The NSA analysts could then search these bundled messages for those online user messages that were relevant to the collection program.
Of course, the analysts had to make sure that they did not expose the content of other messages.
As we now know, that agreement didn’t quite work.
Because it became difficult for some NSA analysts to search the messages in a way that did not compromise the spirit of the aforementioned agreement between the NSA and the FISA court.
And perhaps that is the reason that in a recent official statement, the NSA somewhat acknowledged this problem.

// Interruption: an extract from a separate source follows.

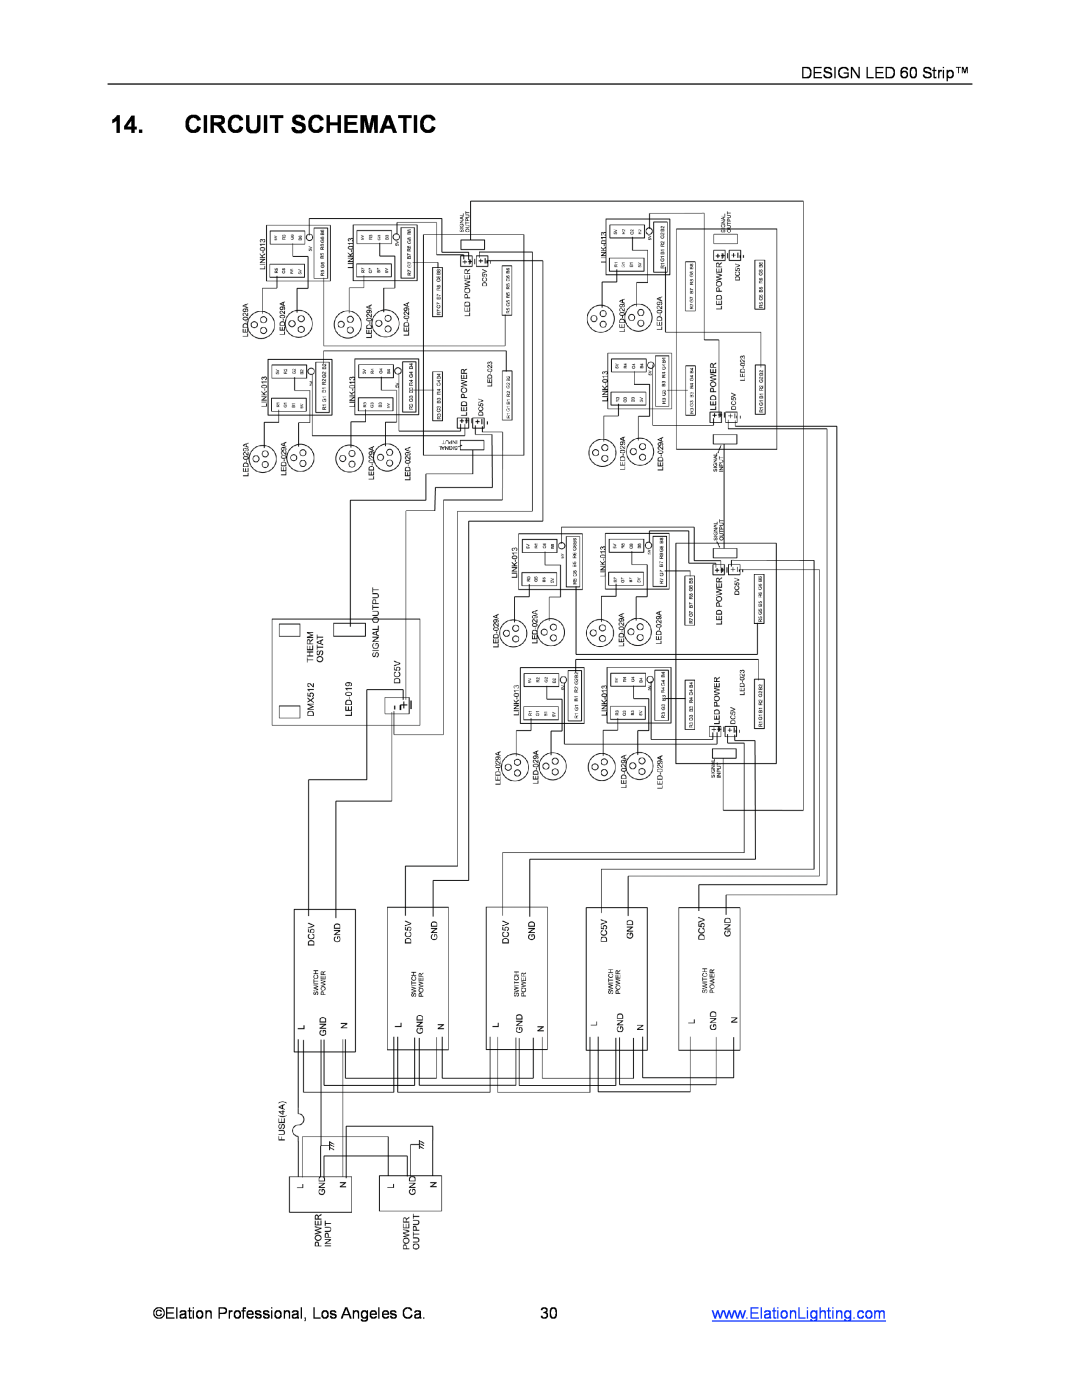 Elation Professional manual Circuit Schematic, DESIGN LED 60 Strip, Elation Professional, Los Angeles Ca

The NSA spokesperson said that the National Security Agency reported many inadvertent compliance incidents that were related to queries involving American citizen information in Section 702 upstream internet connection.
The statement further read that although those incident were not willful, the agency was in fact required to report them to both the congress and the FISA court.
Which the NSA did.
Moreover, the official statement said, that the FISA court issued two extensions of the government’s renewal application.
This was done in order to receive more information from the government about the issue identified by the NSA and the government’s scheme/strategy on how to solve the problem.
In The End
The authorization given to the NSA by the FISA court is now about to expire.
And the NSA has just admitted that the reported problems did not get resolved.
At least not to the level anyone expected.
And hence the NSA is now dropping those “about” messages we talked about before.
That also means, the agency will no longer collect those type of messages that involved American citizens’ online message traffic.
This could also mean lots of other things.
For one, the NSA will have to deal with the fact that now some information might get lost.
Information such as any direct communication between identified intelligence targets.
As mentioned before, this will happen because of the limits that have been put on the National Security Agency’s modern interception technologies.
The NSA Wants To Come Clean
The NSA certainly doesn’t want to hide anything.
Anything it deems as not detrimental to its objectives that is.
Why do we say that?
Because the NSA recently reported that the agency was unable to absolutely eliminate the problem of the collection about message communications from its programs such as the upstream 702 collection program.
Why was it unable to do that?
Because of the limits of existing interception technology.
The NSA said that it couldn’t eliminate the aforementioned problems without letting some of the relevant direct communications to and/or from identified foreign targeted individual intelligence targets, slip by.
The NSA statement also said that the same limitation on its interception technology still remains today as well.
Nevertheless, the agency said, the NSA acknowledges that considering the factors noted before, the new changes do indeed represent a responsible and careful approach.
And that is the need of the hour as well.